## Work required
From the first line to the last, retype everything below exactly, minus the pictures.
═══ Dataset section ═══
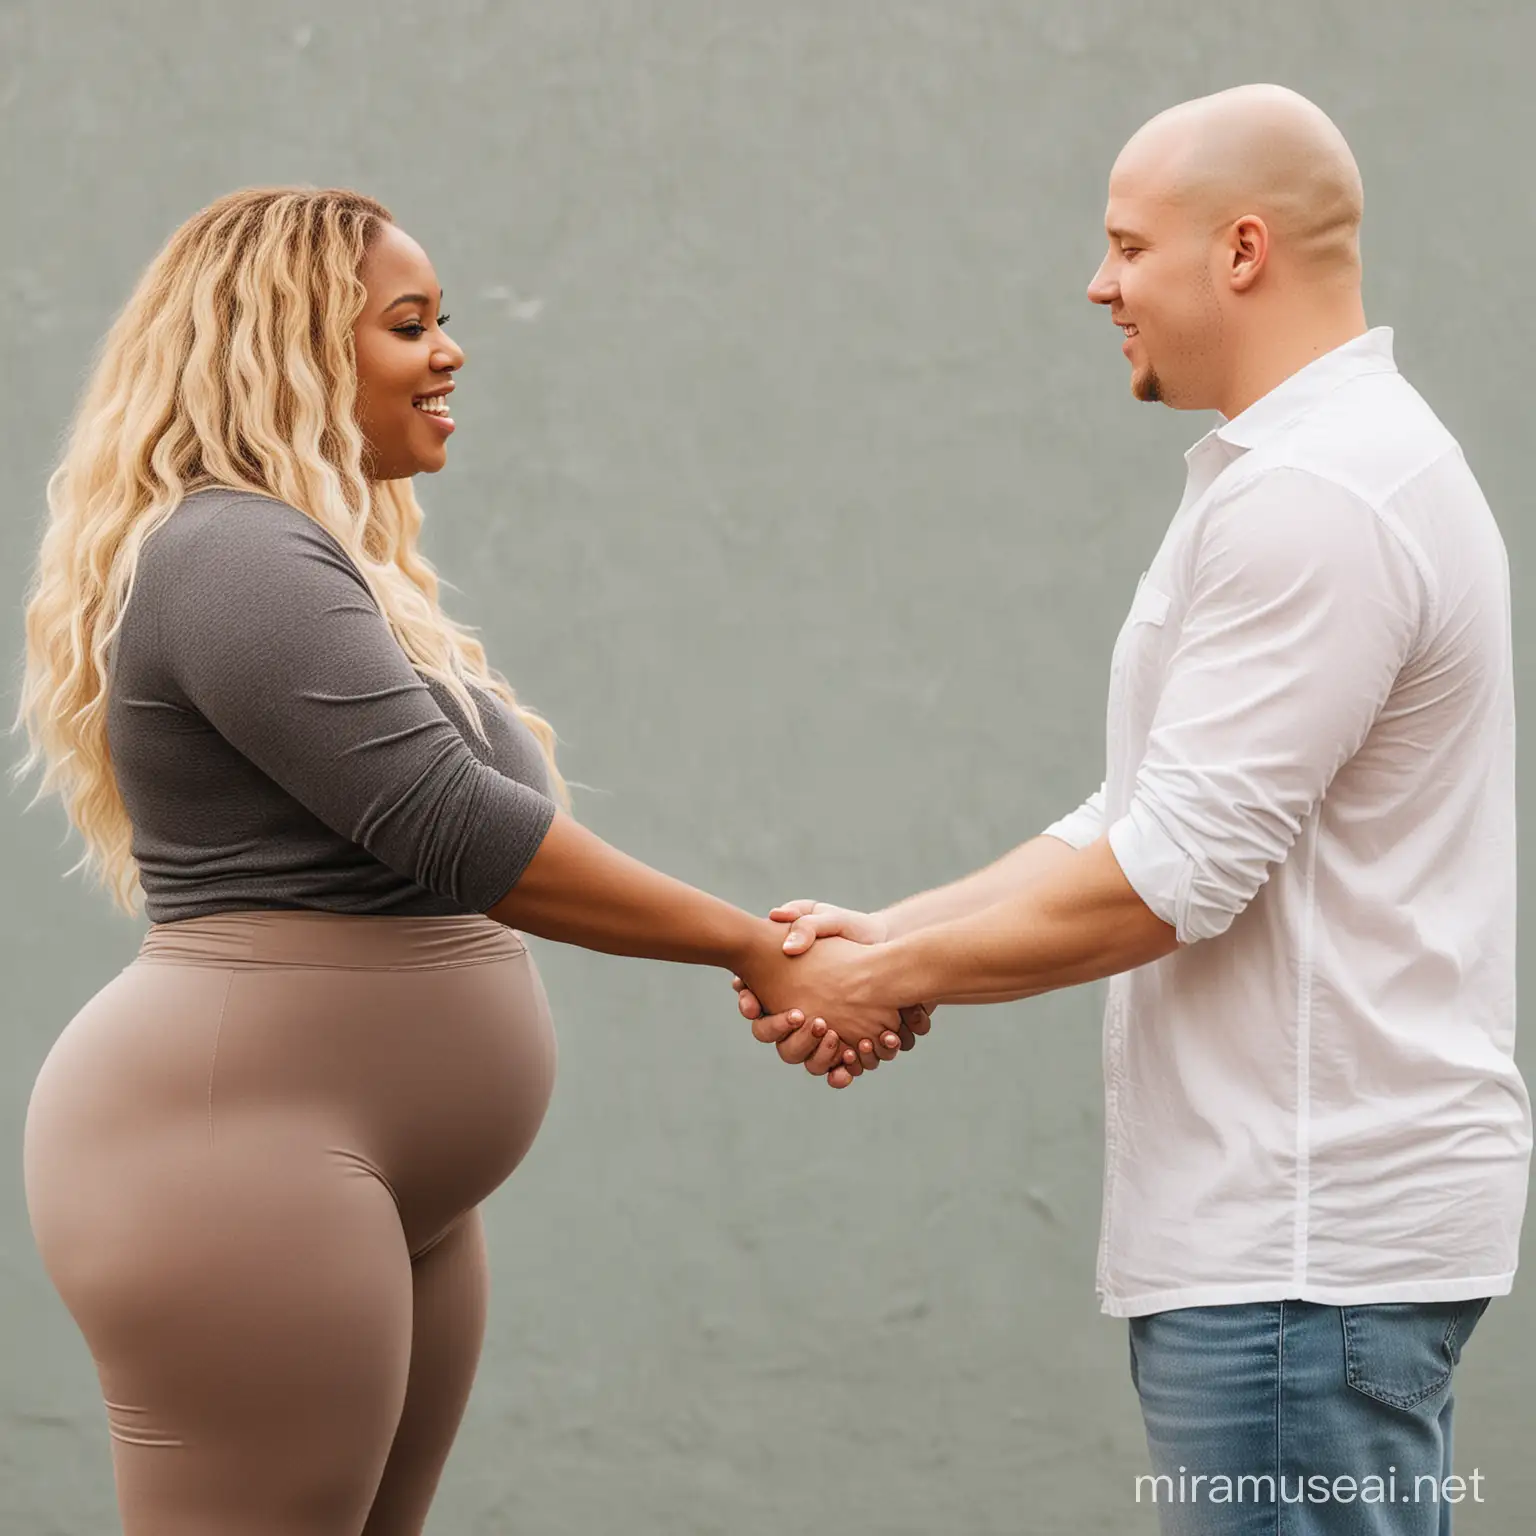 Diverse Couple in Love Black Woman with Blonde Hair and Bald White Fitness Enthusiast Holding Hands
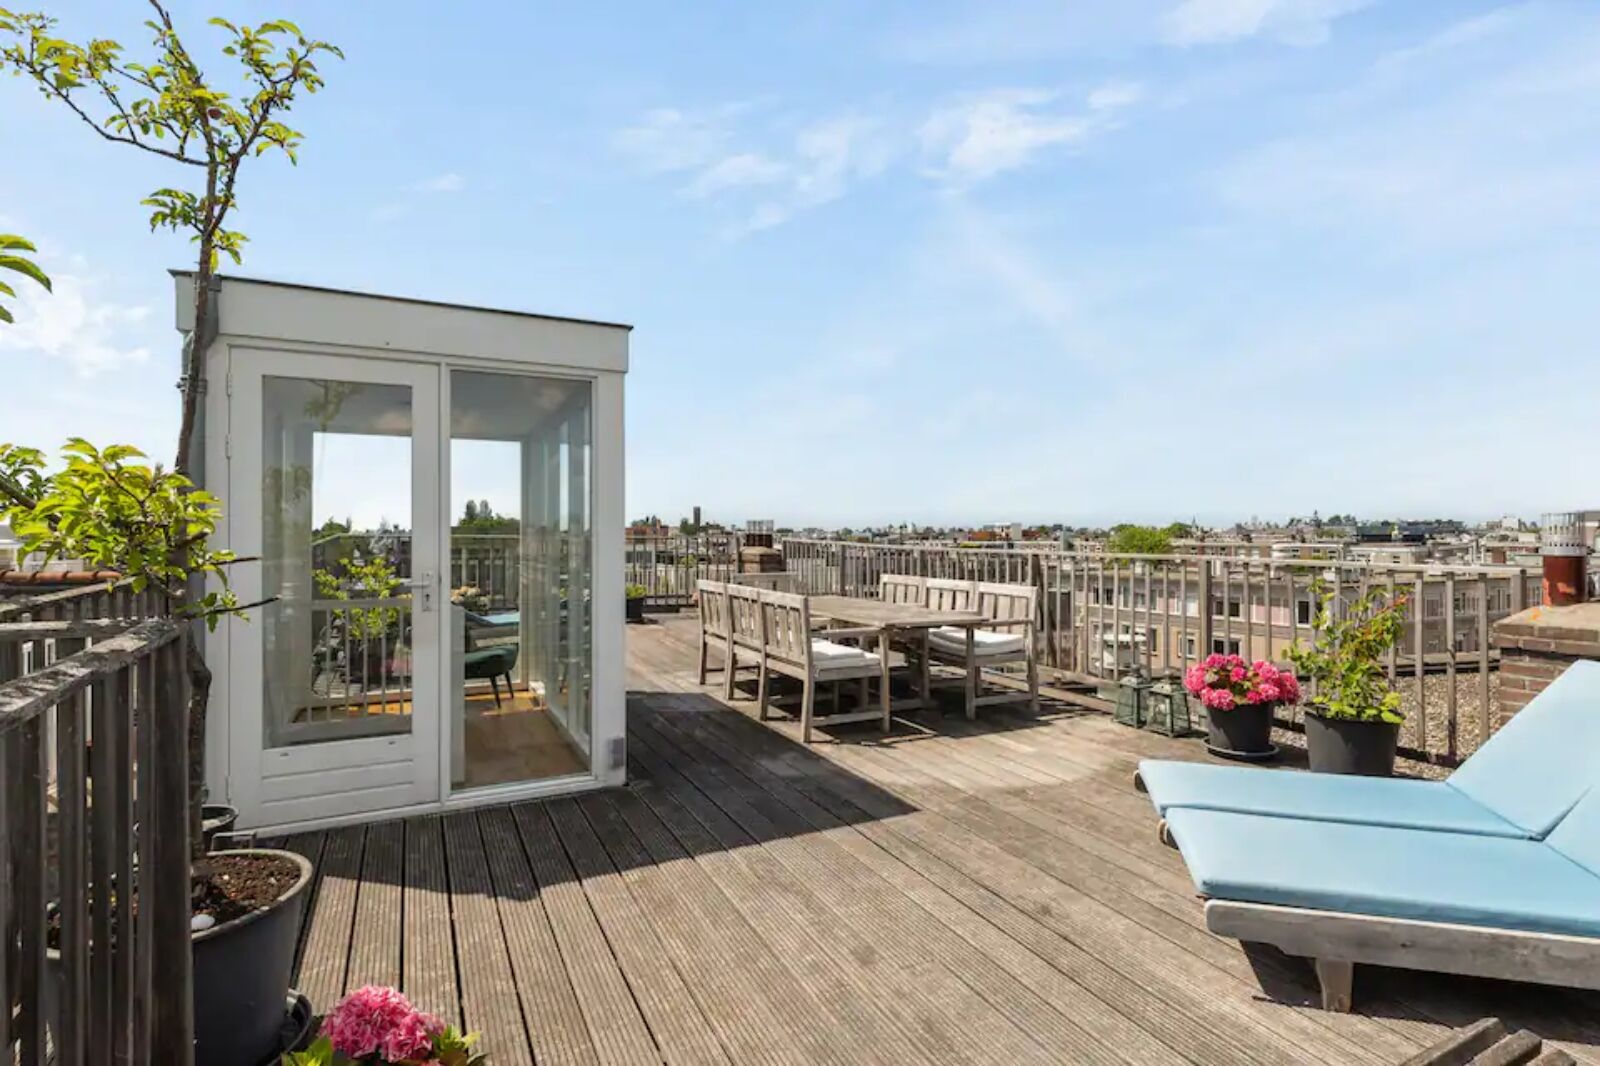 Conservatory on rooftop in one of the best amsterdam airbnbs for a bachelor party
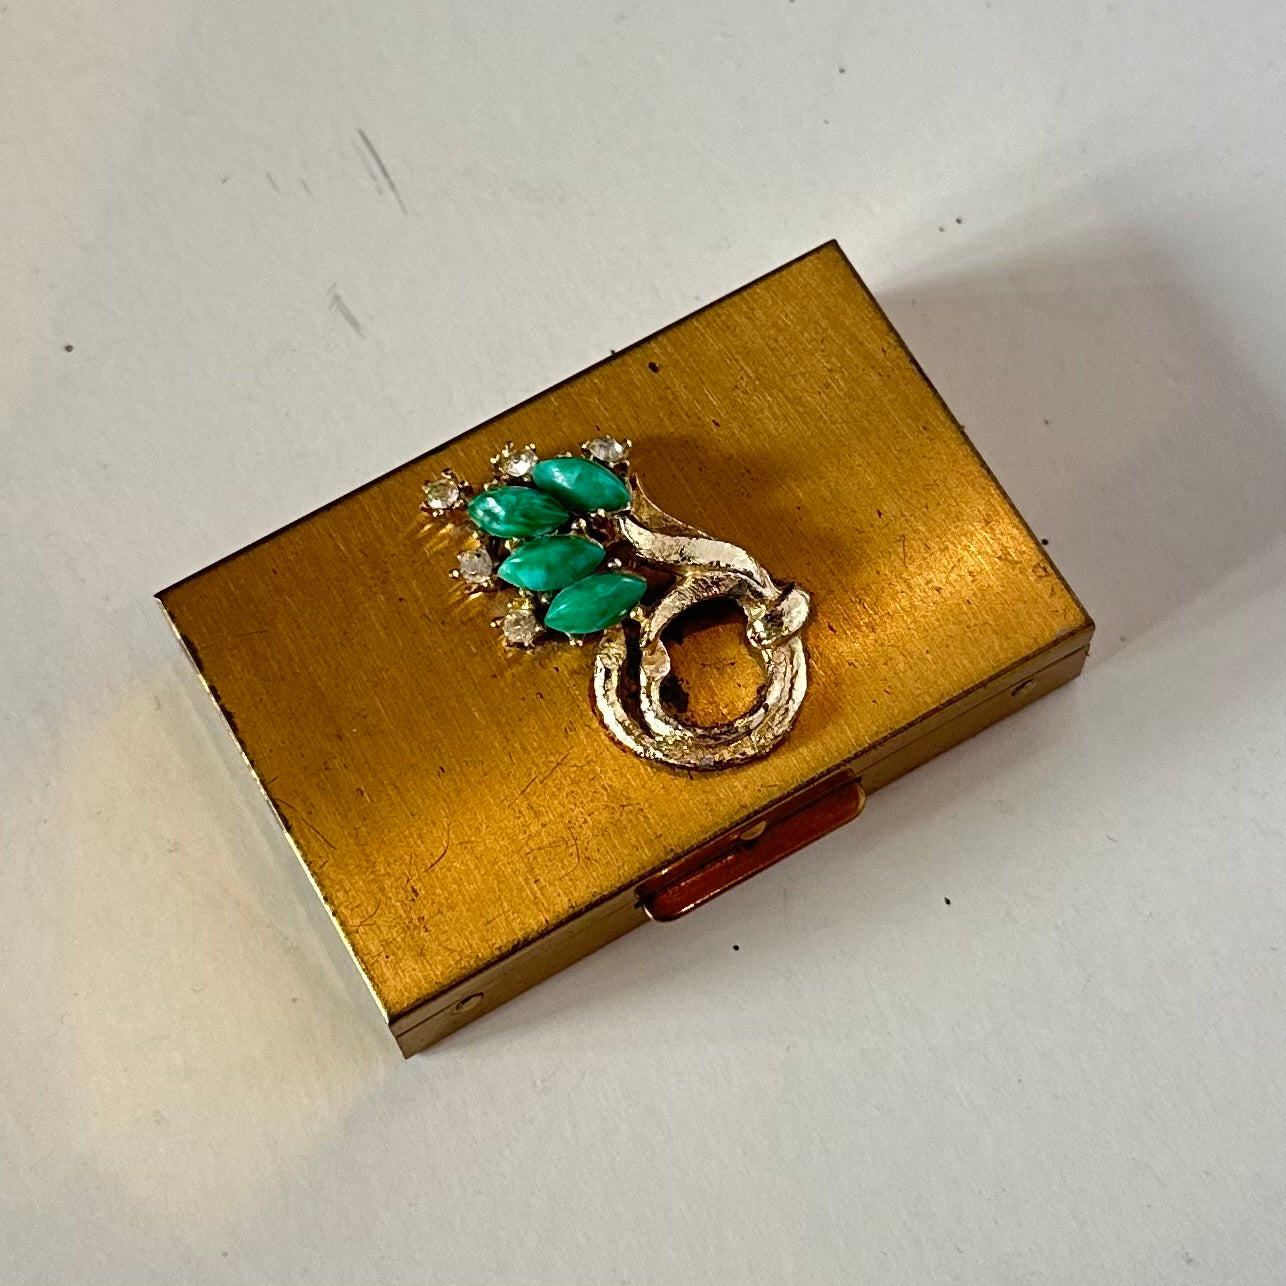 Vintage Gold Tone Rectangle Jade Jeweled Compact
═══
## Answer
 Diverse Couple in Love Black Woman with Blonde Hair and Bald White Fitness Enthusiast Holding Hands
 Conservatory on rooftop in one of the best amsterdam airbnbs for a bachelor party
 Vintage Gold Tone Rectangle Jade Jeweled Compact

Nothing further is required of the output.